Create an XML file, project_directory/CCP4_TMP/DATABASE_time.db.xml, containing a fragment of database created by CDbApi.getTablesEtree()
Create the compressed file in a separate thread using CCP4Export.ExportProjectThread

The import process is a tricky piece of code and should be changed with extreme caution. Note the CCP4Export.ImportProjectThread is not actually a thread as could not access db from separate thread. The basic process:

Extract the project xml file from the compressed file (ProjectsManager.extractDatabaseXml()) and load the file header in CCP4DbApi.CDbXml class to get basic project info.
Check the ProjectId of the imported project - dependent on whether it is already in db decide to create new or extend existing project - gui confirms this with the user.
CDbXml.loadTempTables() loads the xml into temporary tables.
The excl column in the temporary tables flags any job or file that should not be imported because it already exists or the actual job directory or file failed to import to the project directory. CDbXml.setExclInTempTables() sets excl for any job/file that already exists in db and determines if the imported job numbers need changing.
CDbXml.setExclImportedFiles() why?
CCP4Export.ImportProjectThread unpacks compressed file to the project directory - this has access to the CDbXml object to check if file is to be copied - see ImportProjectThread.extractJobsFromZip()
CDbXml.cleanupTempTables() updates dependent temporary tables based on TempJobs.excl
CDbXml.importTempTables() copies data from the temporary to main tables in database
CDbXml.removeTempTables() deletes the temporary tables.
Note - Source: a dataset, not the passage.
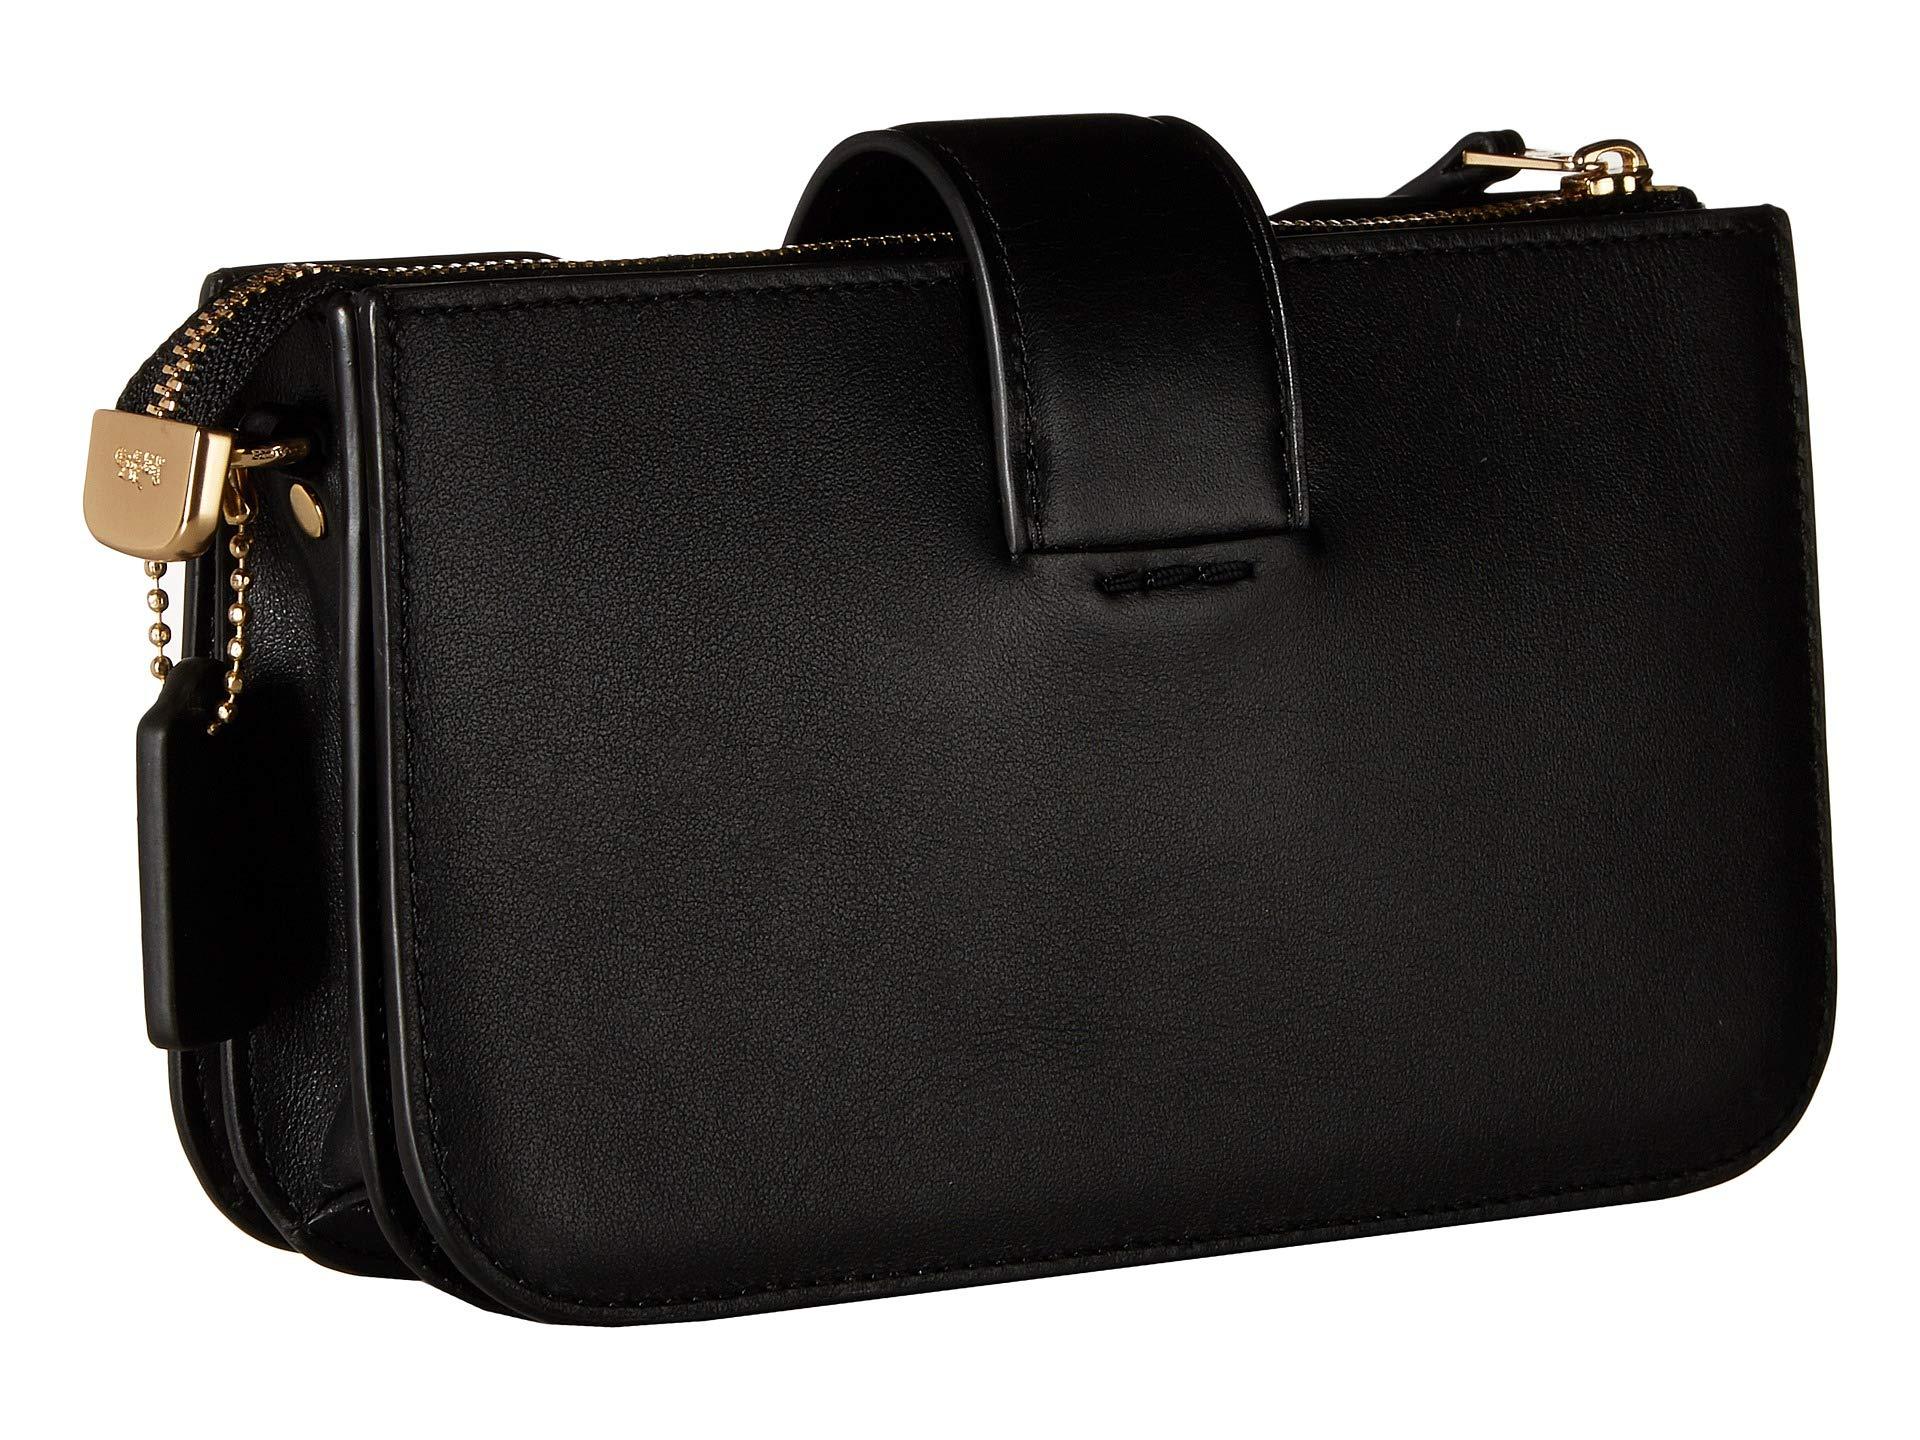 black Crossbody Turnlock Smooth Leather Gd Coach qHXZvFwv

Schema syncing issues. There is a potential for problems if the import/export i2 installation have different database schema. I believe the import code can handle getting tables or columns that it does not recognise or missing tables and columns but there may be issues with missing content.

Future database development issues

There has been discussion on enabling an alternative RDBMS to sqlite - the requiremenst for any alternative would be that they are free and ideally can be distributed by ccp4 or are easy for a user site to install. Comprehensive list RDBMS at wikipedia. The advantage would be for a user site to have a central database for everyones projects. One way to use this would be for the local sqlite db to remain the immediate db but to update to a central db regularly.

Some notes:

Qt has a module to access some of the main RDBMSs- probably not built into ccp4 Qt.
Obviously any centralised db must sort out security and which users access which projects.
The 'handshaking' to the RRBMS is mostly handled by CDbApi.connection(), CDbApi.execute() and CDbApi.commit() and hopefully any changes can be localised to those methods.
The sql language has different dialects - that used in i2 is mostly very simple and generic and should port without problems - watch errors from CDbApi.execute() when testing.
sqlite does not have a easy way to remove columns so there is some redundant stuff in the i2 db. The only way to remove it is to copy the whole database (without the unwanted bits) and this is probably worth doing as part of a move to any alternative sql base.